The fundraising strategy is always to play both offense and defense. This is why I often encourage entrepreneurs to consider using the US Small Business Administration (SBA) to buy themselves the flexibility of money over 10 years, especially when an SBA loan of less than 15 years old has no prepayment penalty. This means that if times are right and the money is flowing, you could pay off the SBA loan in five years. Or, if a crisis arises and cash flow is tight, your monthly payment is always lower because it is based on a longer term.

The next question I always get is, “What about the interest rate?” To that, I always say, ‘Don’t be so sensitive to interest rates. Now, that doesn’t mean you shouldn’t be on the lookout for the shockingly high interest rates you see with some short term lenders online. But, when it comes to 4% on a five-year bank loan and 6% on a 10-year SBA loan, don’t automatically assume that the loan with the lower interest rate will be better for you. . Having lower monthly payments will help, not if, but when, your business faces challenges in the future.

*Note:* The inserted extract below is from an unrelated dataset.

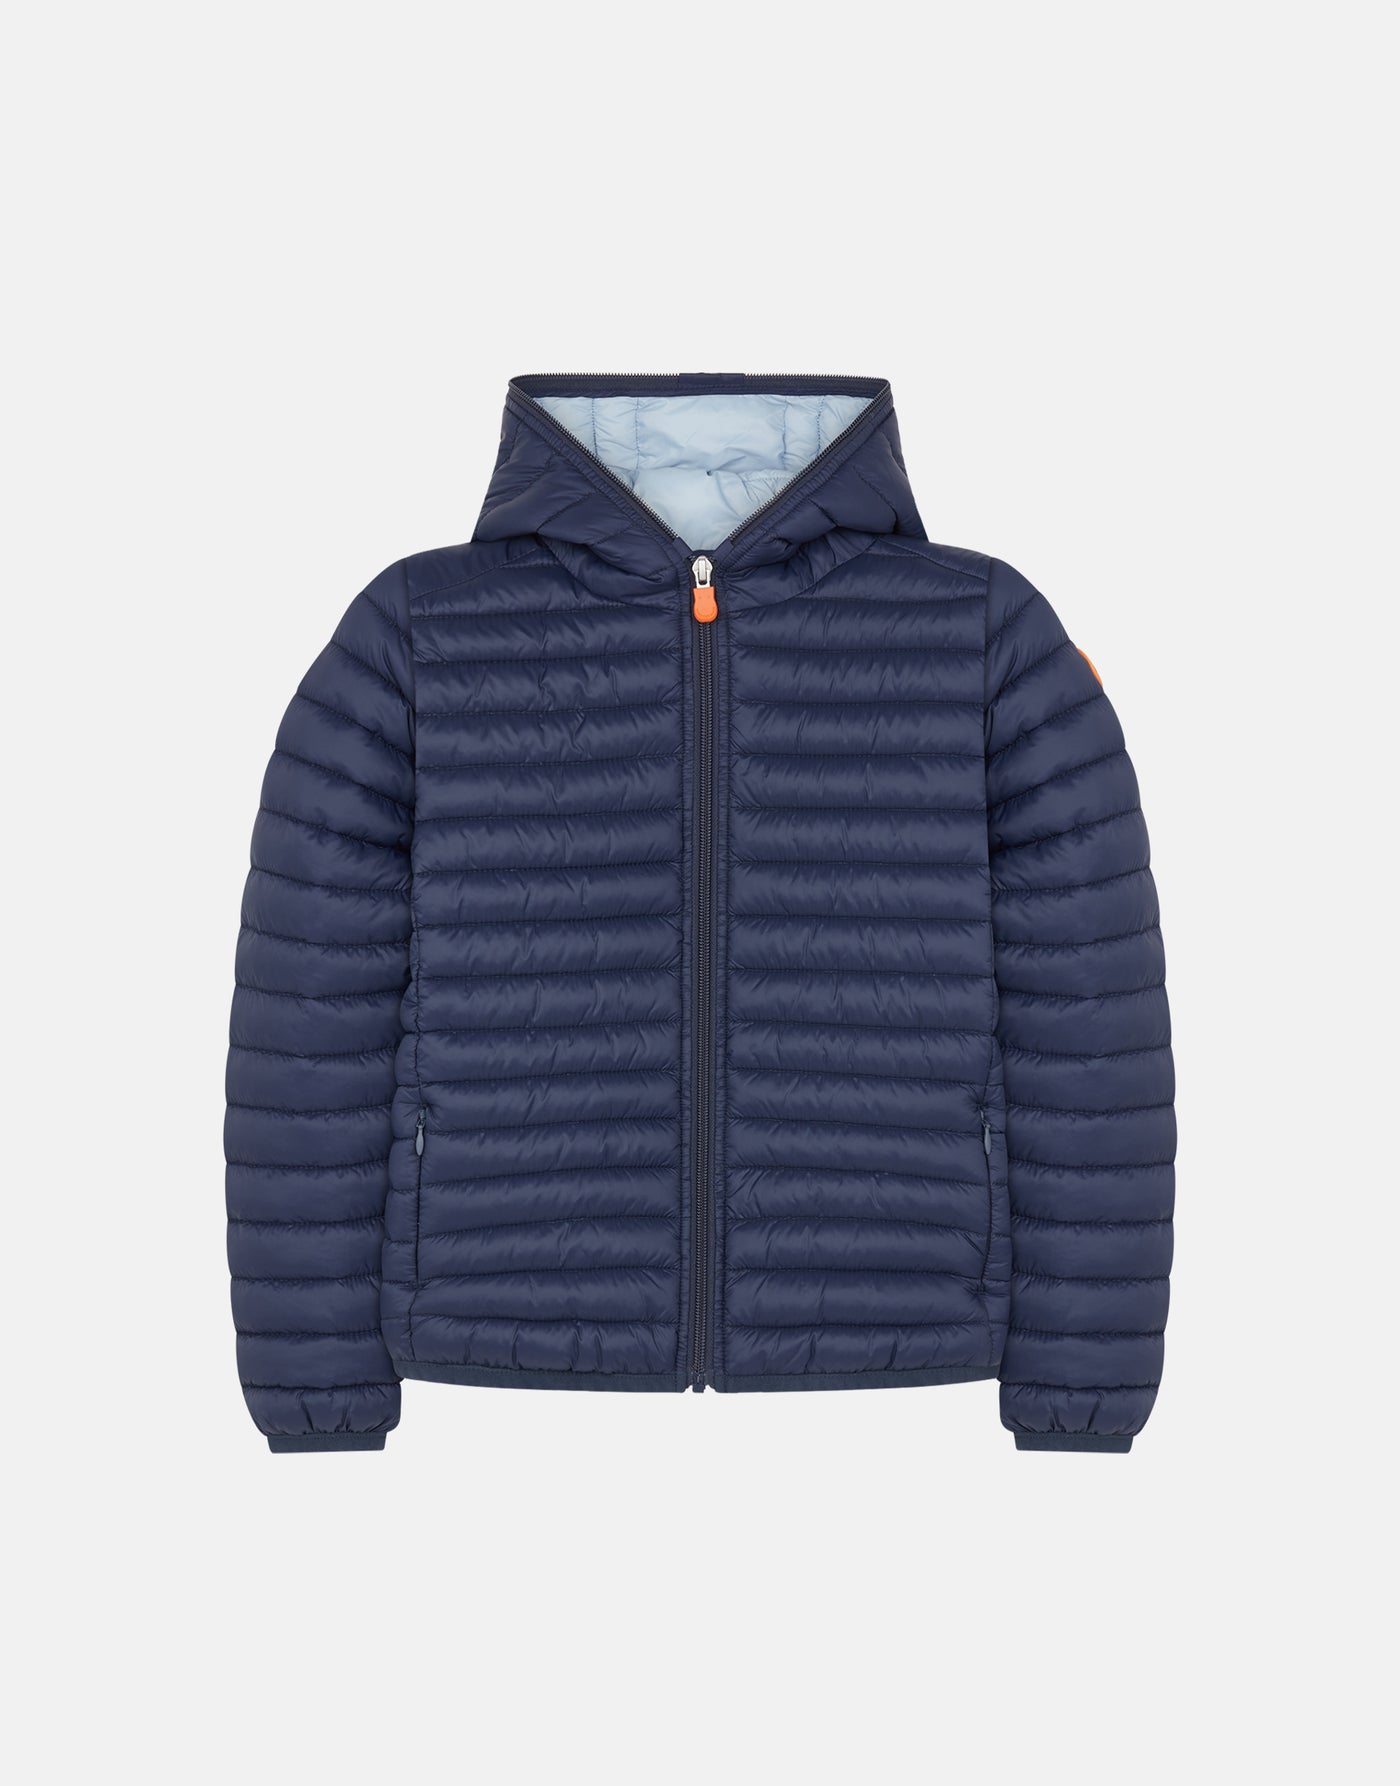 Front View of Girls' Lily Hooded Puffer Jacket in Navy Blue
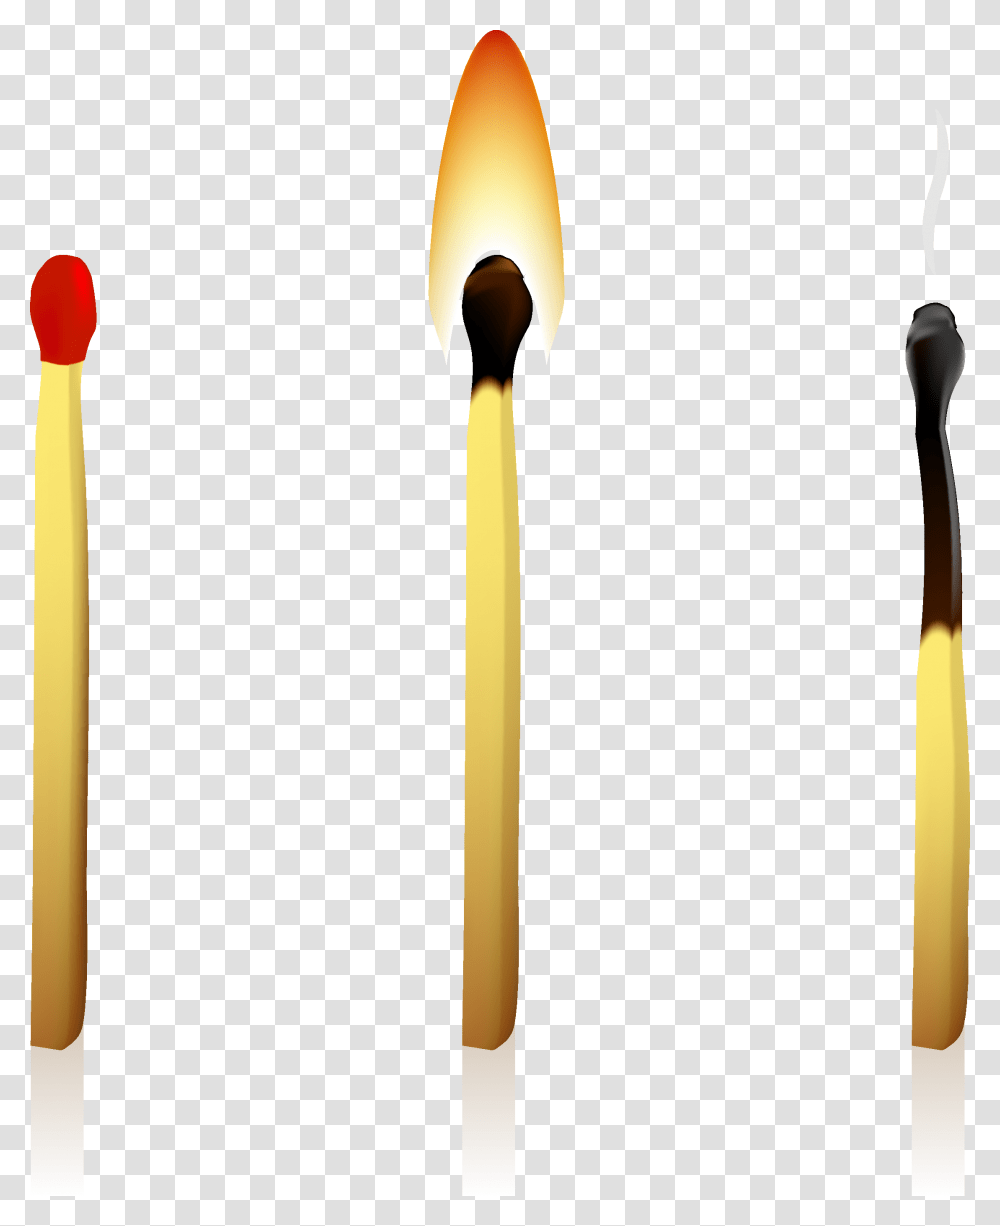 Matches Download Image Match Stick Clip Art, Candle, Fire, Flame, Oars Transparent Png

For example, an entrepreneur who received an Economic Disaster Loan (EIDL) two months ago was considering repaying the loan. She felt her business had largely recovered and she didn’t like the idea of ​​being responsible for paying off a loan. My advice for her? Not so fast.

In a time of uncertainty, possession is 99% of the law. Its EIDL loan is for a 30-year term at a nominal interest rate. The monthly payments do not have a serious impact on his cash flow. In my opinion, she could treat the payments as an insurance premium and keep the money. That doesn’t mean she should use the money frivolously, but there is little reason not to keep it.

Remember that the fundraising strategy is a combination of offense and defense. You want to be located to take advantage of unexpected opportunities and deal with surprises you didn’t anticipate. This philosophy is more real than ever in these uncertain times and plays a huge role in long, not short, thinking.

Ami Kassar is the Founder and CEO of MultiFunding, a Philadelphia-based consulting firm that specializes in helping business owners across the United States develop creative and cost-effective alternatives for their needs and debt structure. commercial. He can be contacted at [email protected] or multifunding.com.